I'm new here, and I hope that my question is on the correct mail-list.

We use PostgreSQL to store JSON-B in different tables, all tables have the same 
schema and all tables are indexed with GIN index for the JSON data.

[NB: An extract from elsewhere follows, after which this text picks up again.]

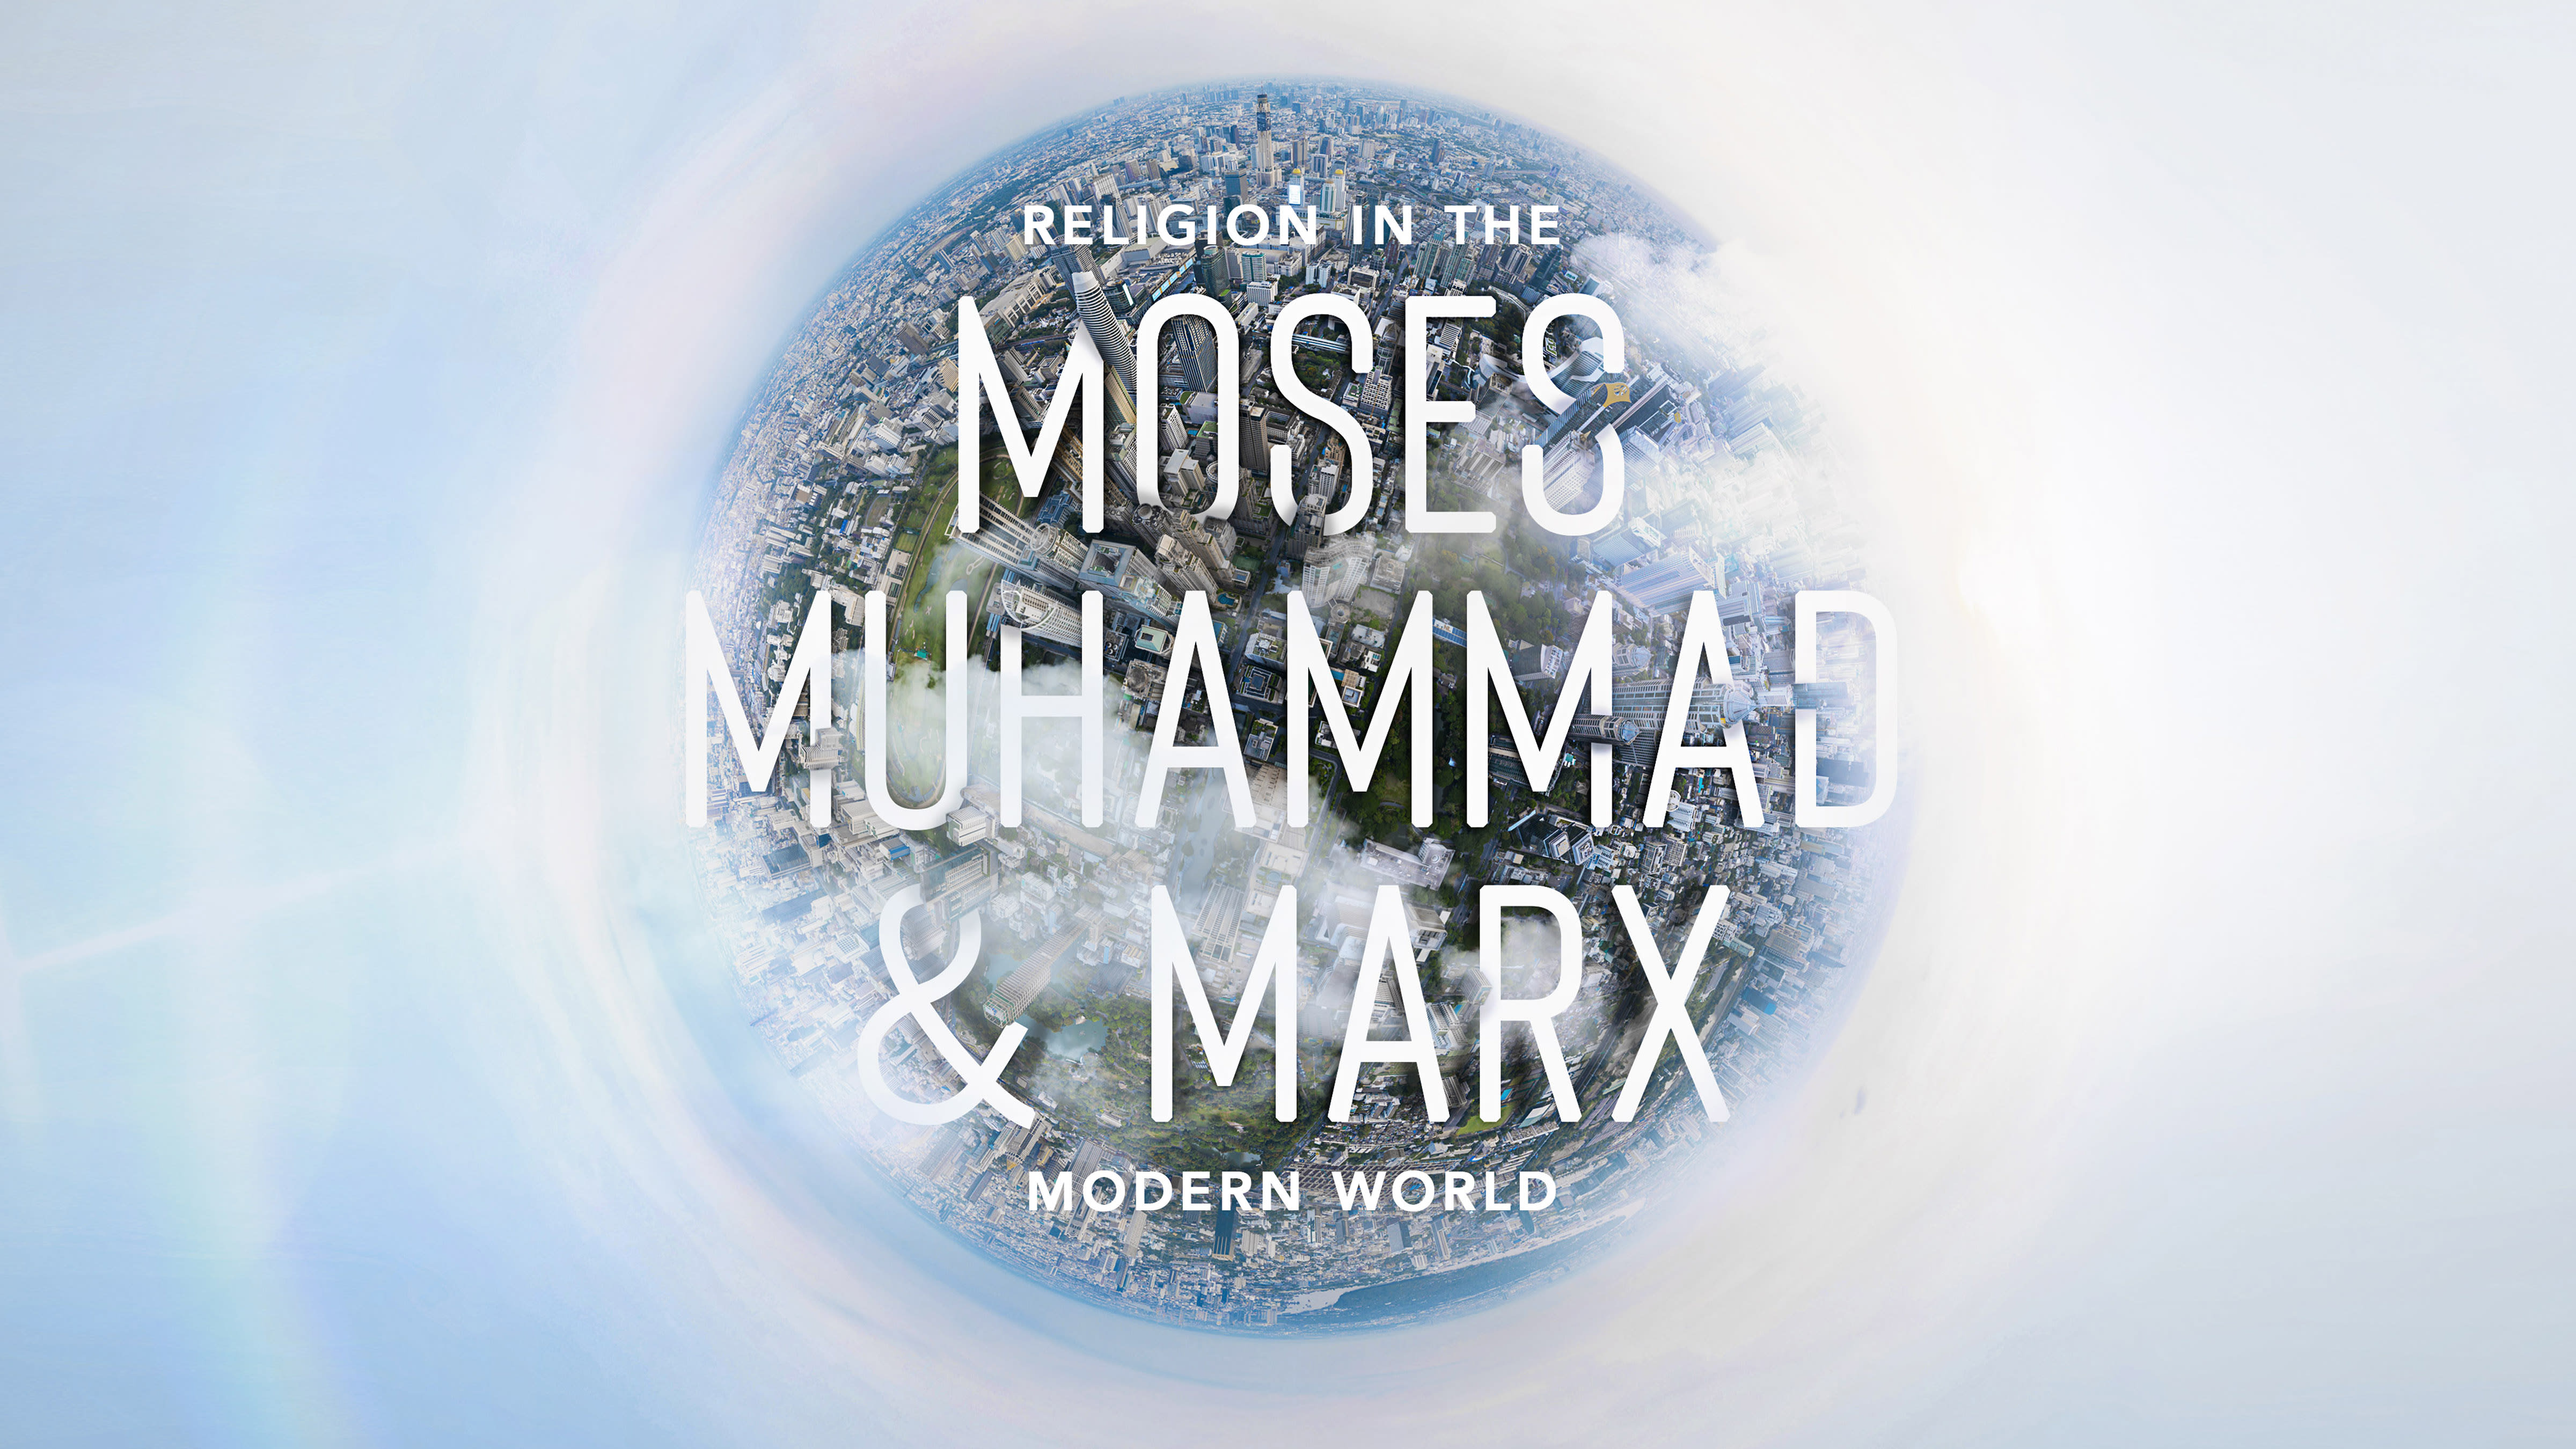 MOSES, MUHAMMAD, AND MARX

We use two properties of the JSON to locate data:

{
"section_id":"1",
"section_tipo":"numisdata3"
}

The issue:
When we search our locator with section_id: 1 (or any number < 4), PostgreSQL 
takes around 4, 5000, 8000ms or more.
When we search our locator with section_id: 4 (or any other bigger number), 
PostgreSQL takes around 100 ms. ( ~ expected time)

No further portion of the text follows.